* [Supplied records]
[Start of section]

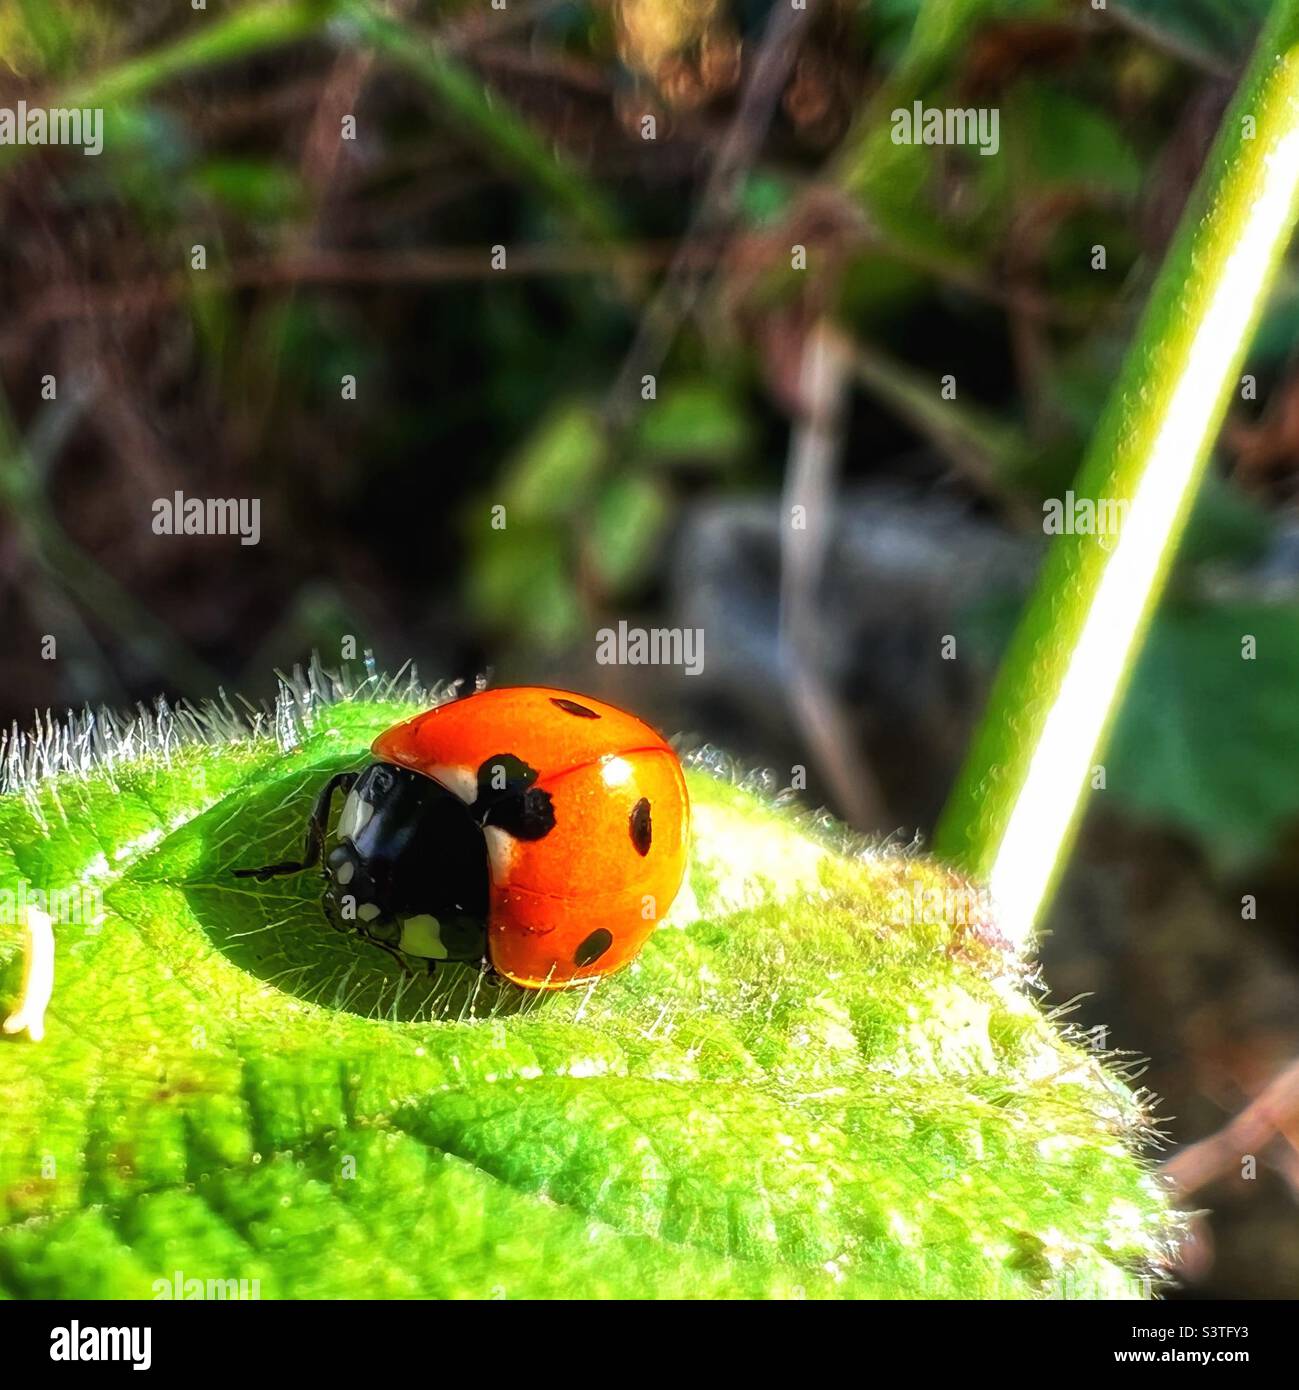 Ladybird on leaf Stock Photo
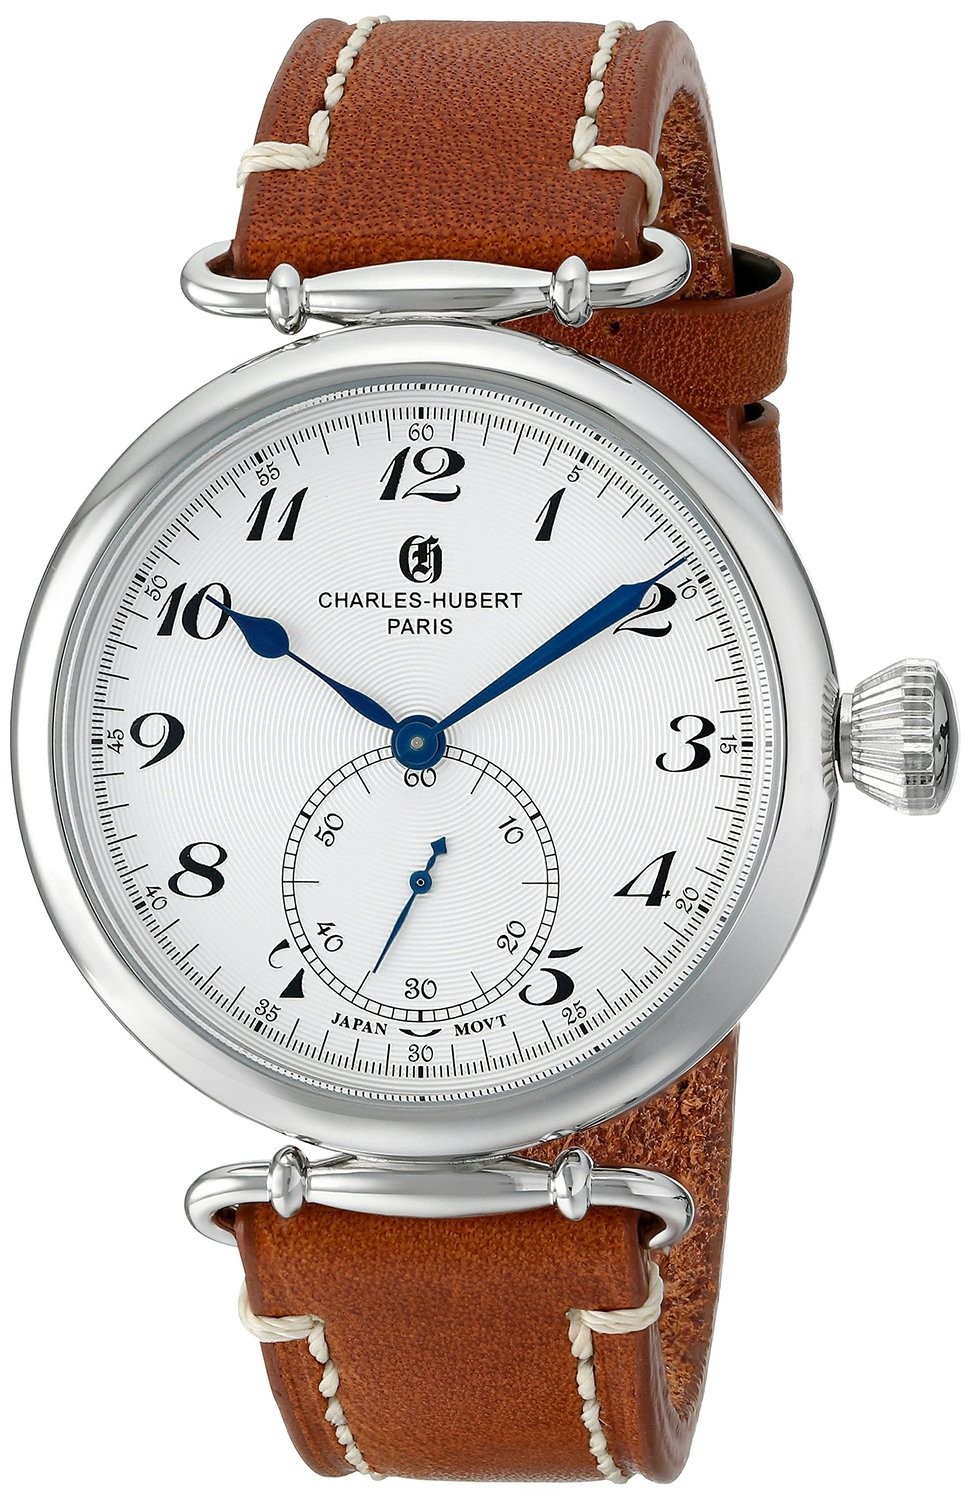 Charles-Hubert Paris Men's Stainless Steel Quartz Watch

[End of section]
[Start of section]

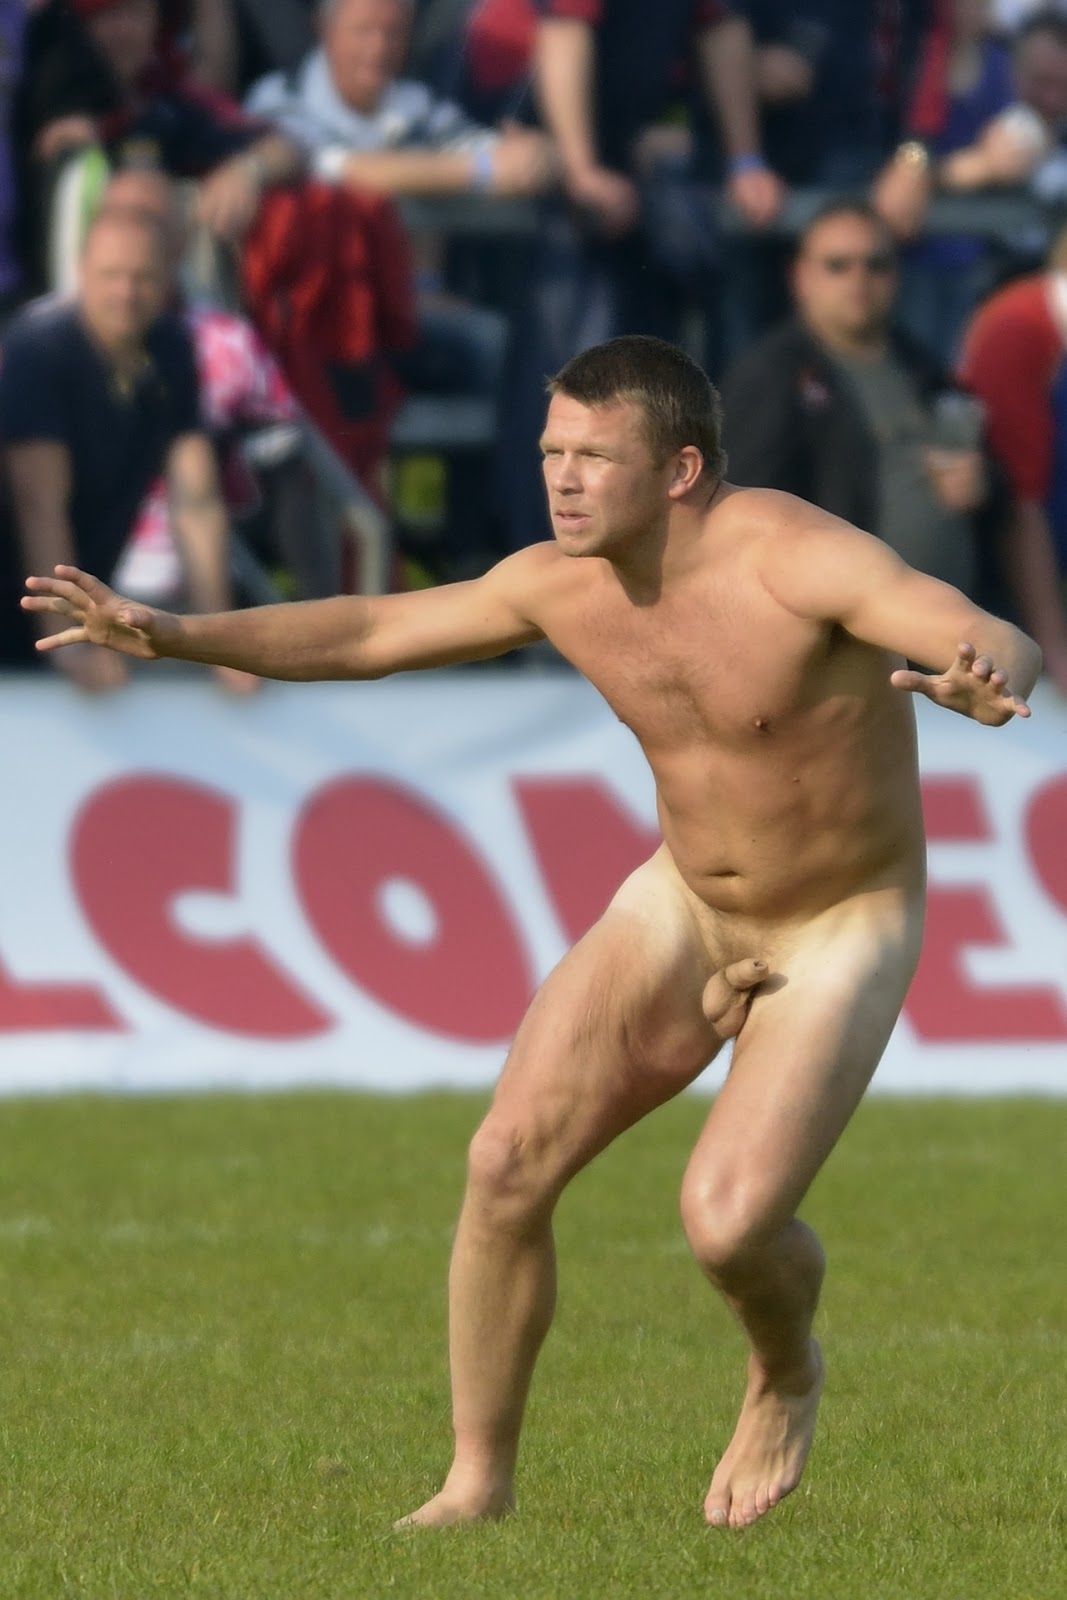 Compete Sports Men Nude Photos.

[End of section]
[Start of section]

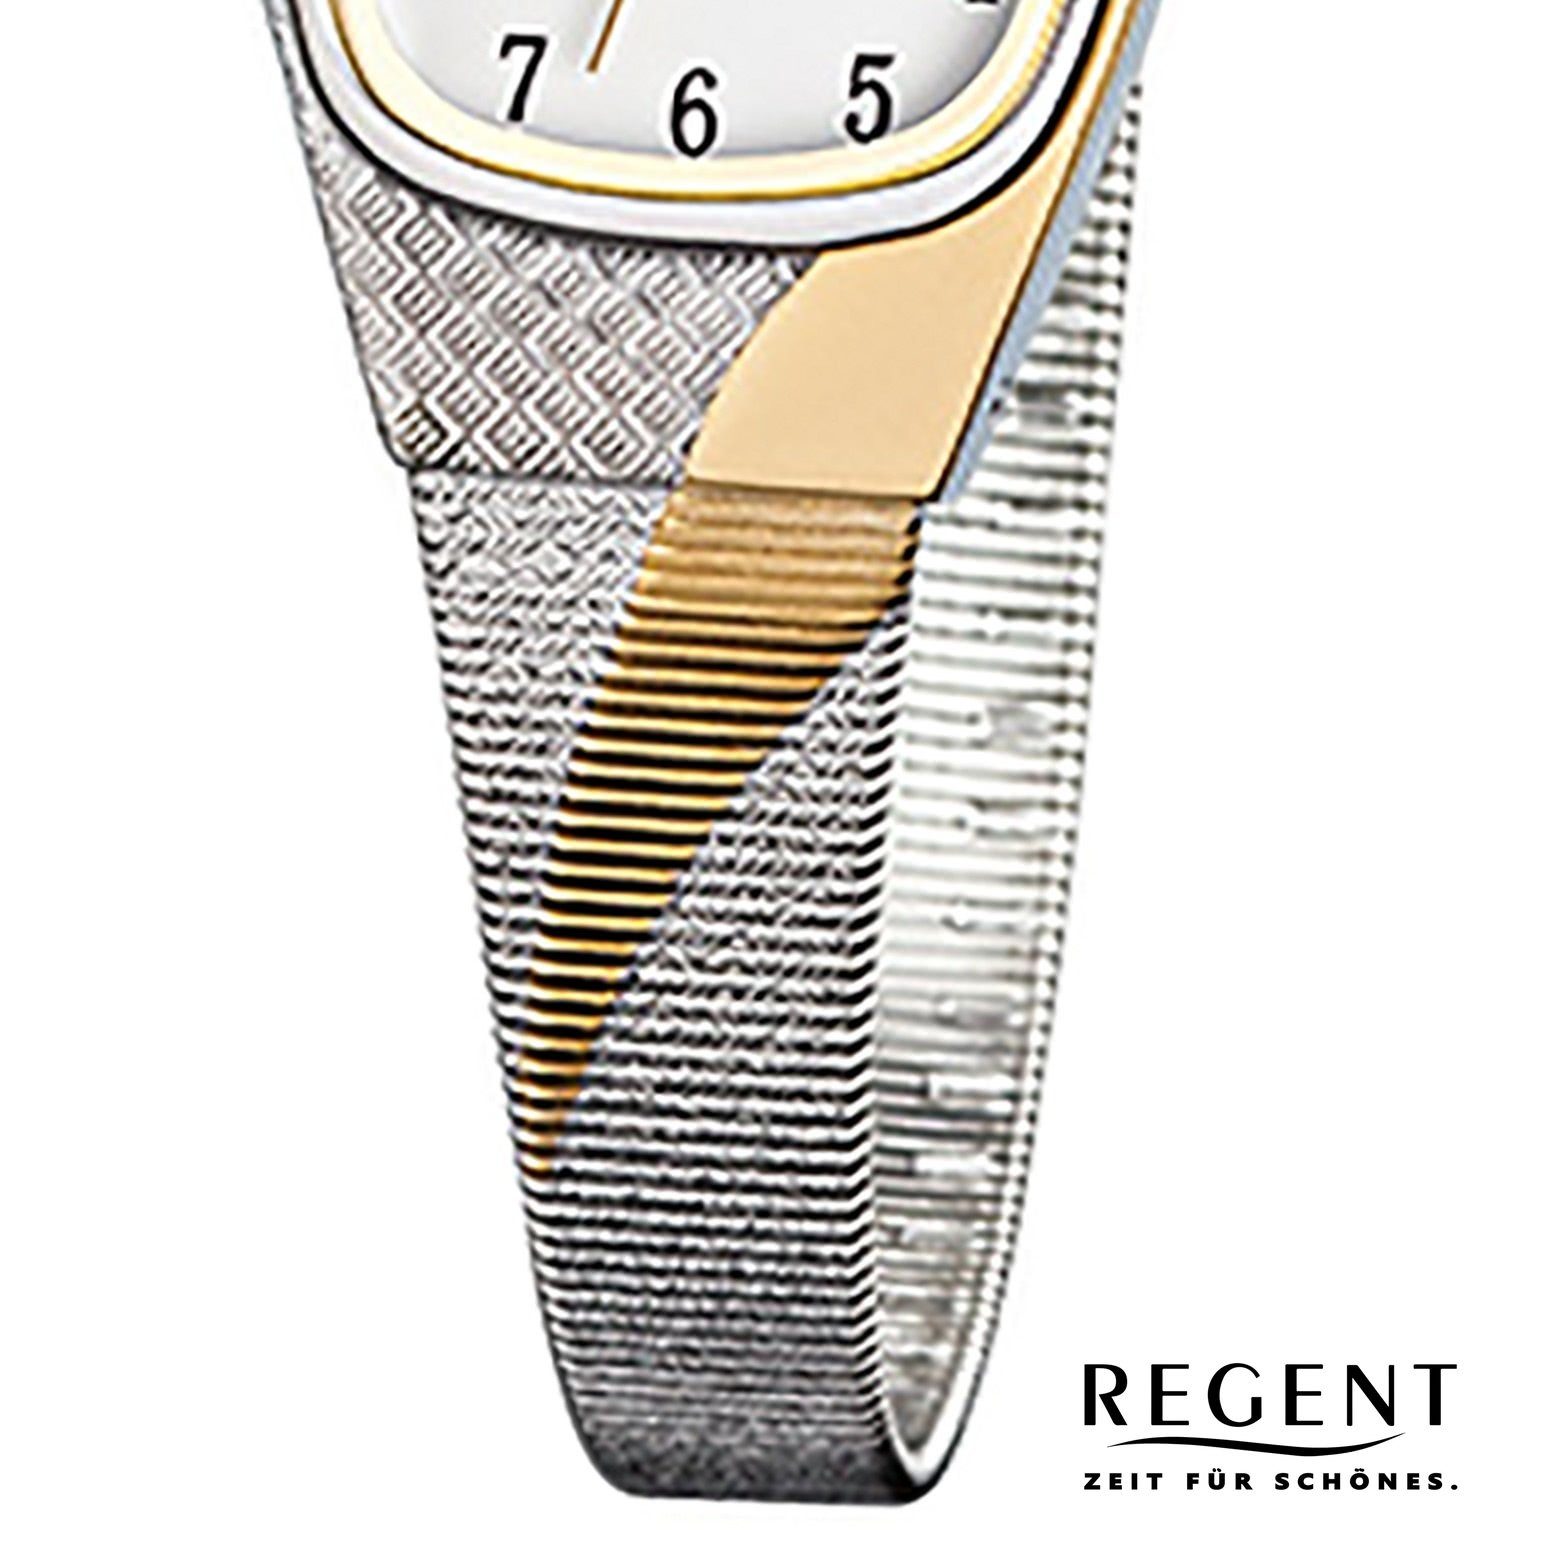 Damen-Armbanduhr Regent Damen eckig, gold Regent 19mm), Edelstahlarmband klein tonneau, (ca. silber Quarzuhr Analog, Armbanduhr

[End of section]

* [Assignment] The stretch to restate runs from the line above containing "Ladybird on leaf Stock Photo" through the line containing "Charles-Hubert Paris Men's". Copy it word for word, ends included, without pictures.

* [Exercise answer]
 Ladybird on leaf Stock Photo
 Charles-Hubert Paris Men's Stainless Steel Quartz Watch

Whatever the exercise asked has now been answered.